Humphrey gets them up the empty freeway to Sandy’s place, and they all get out to go to their own cars. Humphrey says, “Listen, the odometer shows about a hundred and forty miles, divide it among the six of us and it’ll be really cheap—”

Really cheap,” say Tashi and Abe together.

“Yeah, so let me just figure it out here and we can even up before you guys forget.”

“Figure it out and bill me,” Sandy says, walking off toward the elevator. Even Sandy seems a little weary. “We will recompense you fully.” Arthur’s off without a word. Tashi and Abe are emptying their pockets and giving Humphrey their change, “Sure that covers wear on the brake pads, Humph?” “Don’t forget oil, Bogie, that big hog of yours just sucks the oil.” “No lie.”

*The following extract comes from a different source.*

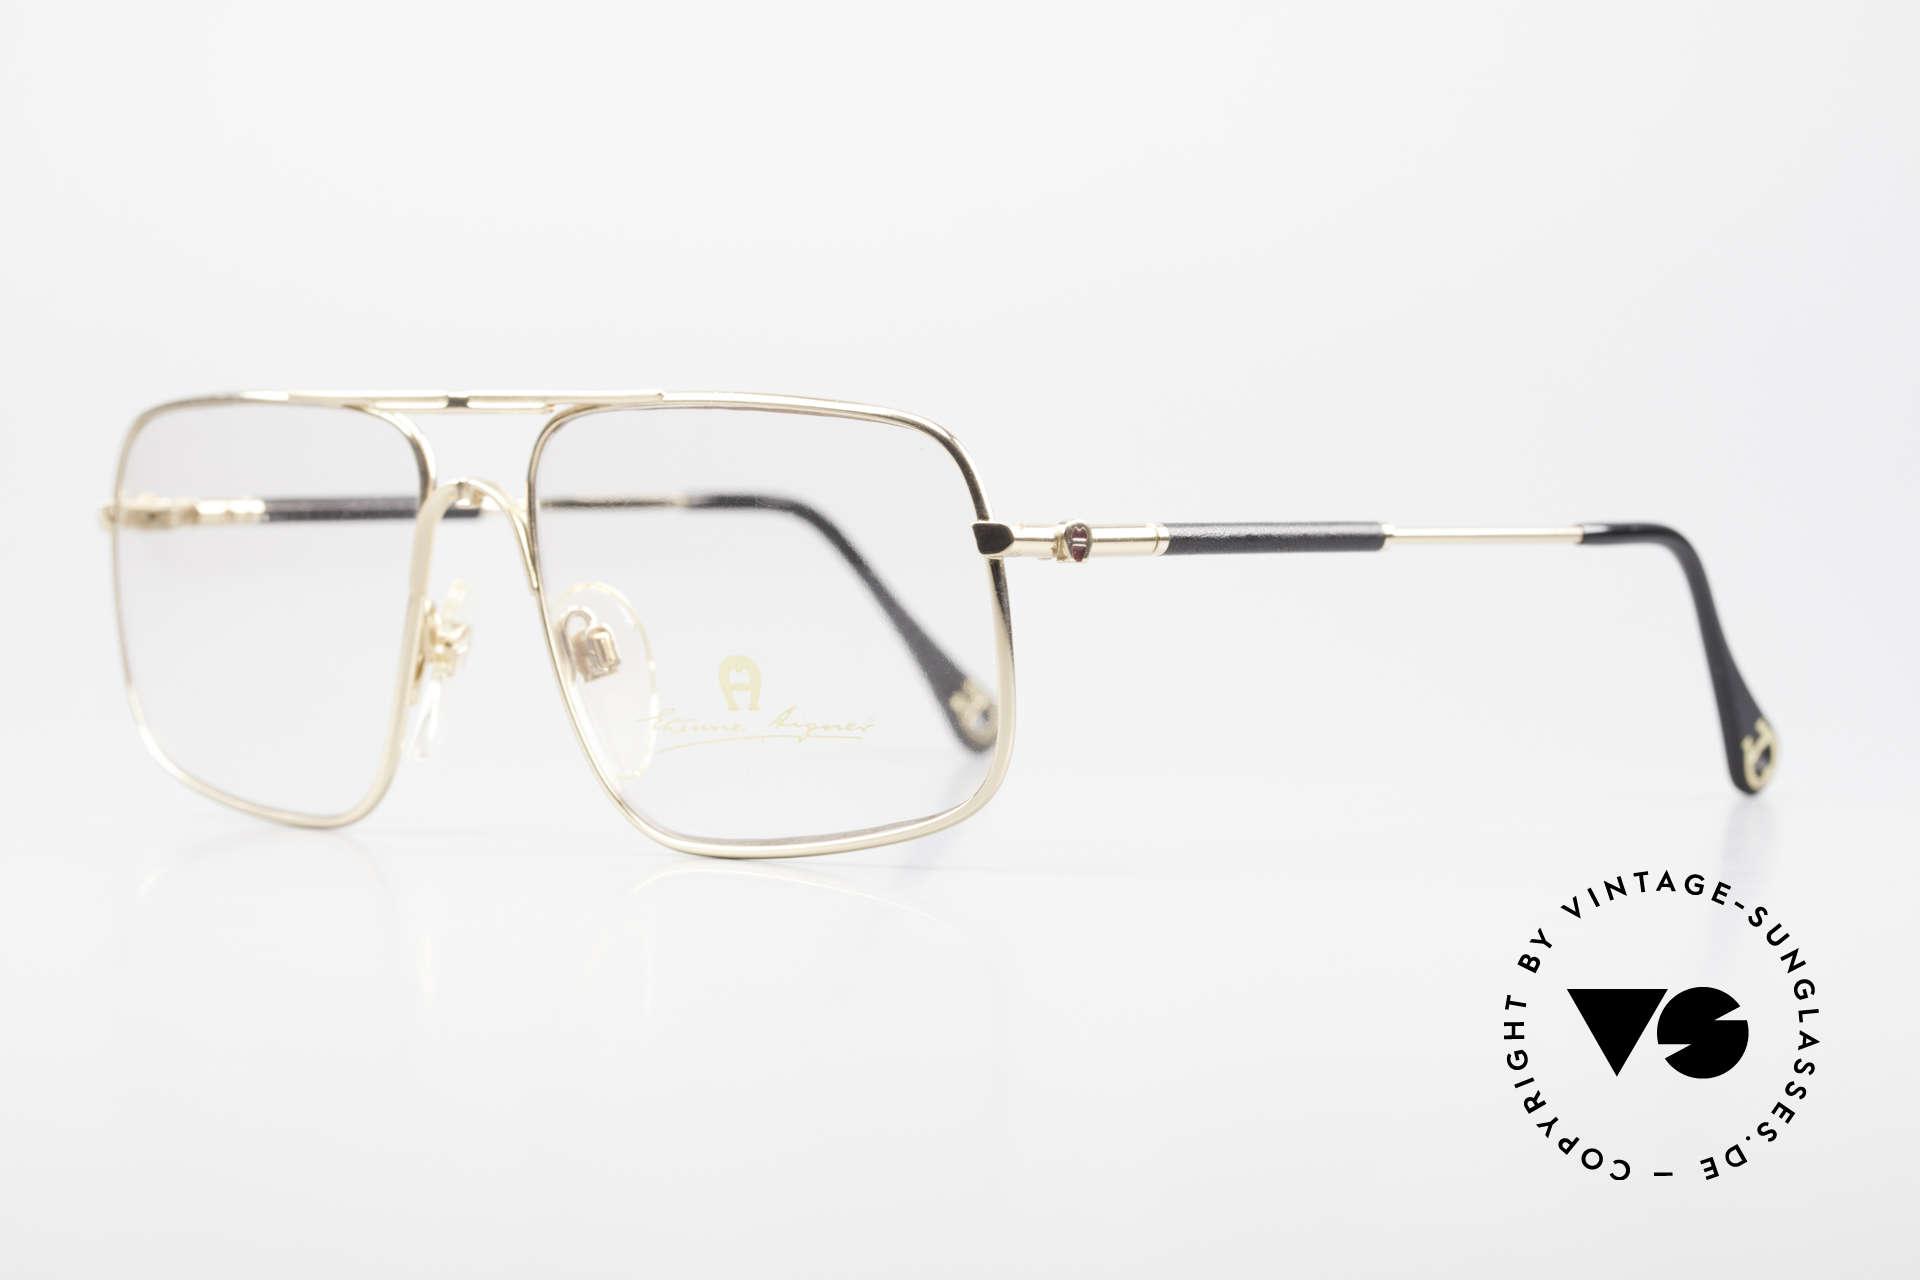 Aigner EA23 Rare 80's Vintage Eyeglasses, true luxury vintage eyewear - just precious & rare!, Made for Men

“Yeah, yeah,” Humphrey says seriously, collecting their coins. “I took all that into my calculations.” He drives off without a blink at Tash and Abe’s gibing, perfectly unaware of it. Jim laughs to see it. The guy is so perfectly unselfconscious! And of his chief characteristic!

As he walks to his car Jim marvels over it. And tracking home he wonders if everyone is, perhaps, unaware of the principle aspect of their personality, which looms too large for them to see. Yeah, it’s probably true. And if so, then what part of his own character doesn’t he see? What aspect of him do Tash and Abe giggle over, behind his back or even right in front of him, because he doesn’t even realize it’s there to be made fun of?